31 Jan Hermitage Farm Tasting Room Barn6
TOURISM NOTE: Hermitage Farm celebrates Oldham County’s unique heritage and the signature industries that make us a place like no other. Tours and Tastings are available at this historic farm which has just opened Barn6, an authentic thoroughbred barn, to the public for special events and for those who just want to sip and talk bourbon. At Hermitage, visitors can sample from every distillery on the Kentucky Bourbon Trail and then some! Hermitage’s Bourbon Experience assembles Kentucky’s most sought-after bourbons all in one spot. Guided tastings are enjoyable for bourbon connoisseurs and novices alike where you will also learn about Kentucky’s rich bourbon heritage. While there, also experience Hermitage’s renowned thoroughbred horse operations, sustainable, organic farm-to-table restaurant, bourbon bar and mint julep experience, and contemporary art.
Barn6 at Hermitage Farm is home to a unique bourbon tasting experience.
By Michael L. Jones – Reporter, Louisville Business First Jan 22, 2022
Barn6 at Hermitage Farm has been home to countless award-winning thoroughbreds over the past century, but now bourbon lovers have moved in on their territory.
Hermitage Farm opened Barn6 to the public for bourbon tastings, cocktail classes and special events in October. Visitors to the 600-acre property in Goshen, Kentucky, can sip high-end bourbon flights while enjoying the company of Future Prospect and Dubious Miss, retired thoroughbreds who still call the barn home.
There is even a jar of peppermints on each table for people who want to feed the horses a treat.
Tour Director Barbara O’Connor said Hermitage Farm wanted to create a space where people could sit and talk intensely about bourbon in a uniquely Kentucky atmosphere.
“Future Prospect and Dubious Miss are accomplished racehorses, they’ve won $1 million between them, and it’s great to have them as members of our tasting team. To be able to open that barn door and just have these guys stick their heads out — and have lights and bourbon poured out — people love that,” O’Connor said.
Barn6 is one of the oldest buildings at Hermitage Farm. O’Connor said her staff spent about $14,000 to bring electricity to barn so it could be equipped with heaters. They also purchased mismatched tables from a seller in Indiana that the team members sanded and stained themselves.
O’Connor hopes to be able to do a larger renovation of the barn in the future. For now, it can hold up to 35 people.
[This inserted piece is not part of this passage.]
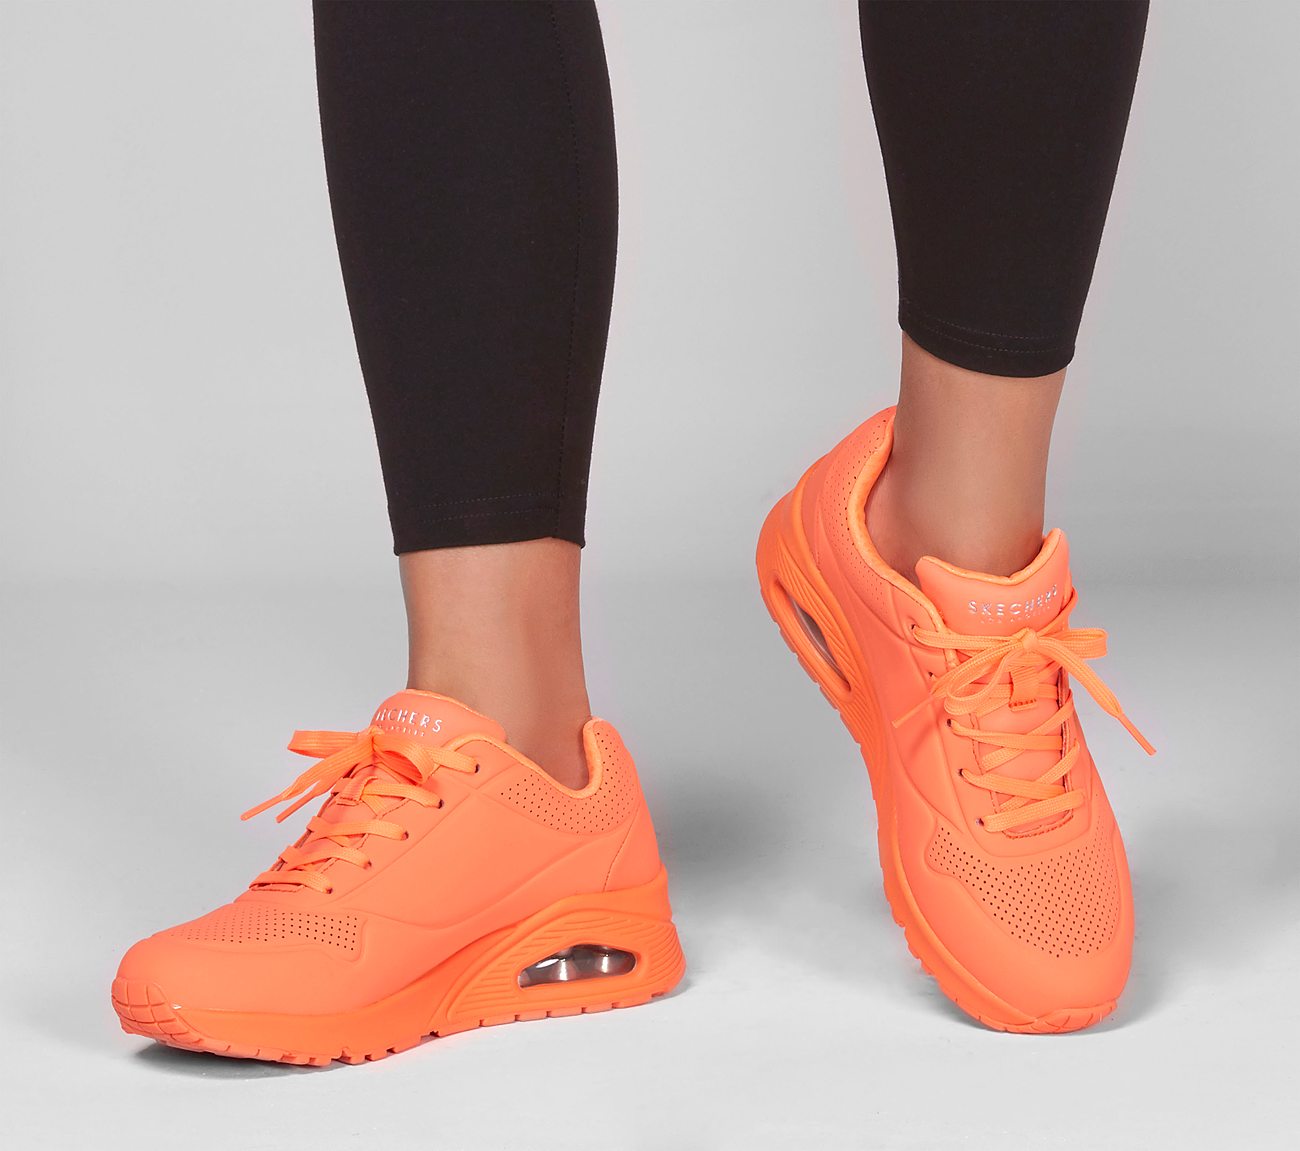 skechers orange shoes off 77% - online

The original article contained a photo here: Hermitage Farm Tour Director Barbara O’Connor shows off the liquor cabinet in Barn6. Photo by Michael L. Jones.
The Bourbon Tastings at Barn6 are held Wednesday through Saturday from 4:30 to 6:30 p.m. There are two levels of tastings — Standard Tasting and VIP. The Standard Tasting cost $25 and includes flights of mainstream products like Woodford Reserve, Old Forester, and Elijah Craig. The VIP Tasting costs $50 and includes select flights of single barrel products like Russell’s Reserve Single Barrel, Barrel Craft Spirits Private Release, and Peerless Rye Single Barrel Select.
“We want to be able to provide people with products and unique experiences and the best way to do that is through single barrels,” O’Connor explained. “Single barrels are like snowflakes; each one is unique. We actually try a variety of different products from different brands and pick out what we like best.”
On Fridays and Saturdays at 7:30 pm., Hermitage Farm is offering a seasonal mixology class for $35. The current class is “Build Your Own Old Fashioned,” but in April it will switch to the mint julep and in June the bourbon summer smash.
“We want to keep it very seasonal and fresh,” O’Connor said. “With old fashions you’re talking a lot more about preserved products, whether it’s syrup, sugars, or things like preserved cherries. April and May are the time for mint juleps. And then throughout the summer we have fresh produce. We have fresh garnishes, things like that, that we grow here on site.”
O’Connor said the repurposing of Barn6 for the bourbon tastings and classes with the goal of Steve Wilson and Laura Lee Brown, Hermitage Farm’s owners, to help preserve as much of historic Kentucky farmland as possible. O’Connor said Kentucky loses about 25,000 acres worth of farmland to development every year.
Hermitage Farm also announced a new speakers’ series this week called the Whiskey Files. The series will feature industry professionals sharing their stories and personal experiences in the whiskey trade. Corky Taylor, the sole proprietor of Kentucky Peerless Distilling Co., will give a talk at the farm on February 9.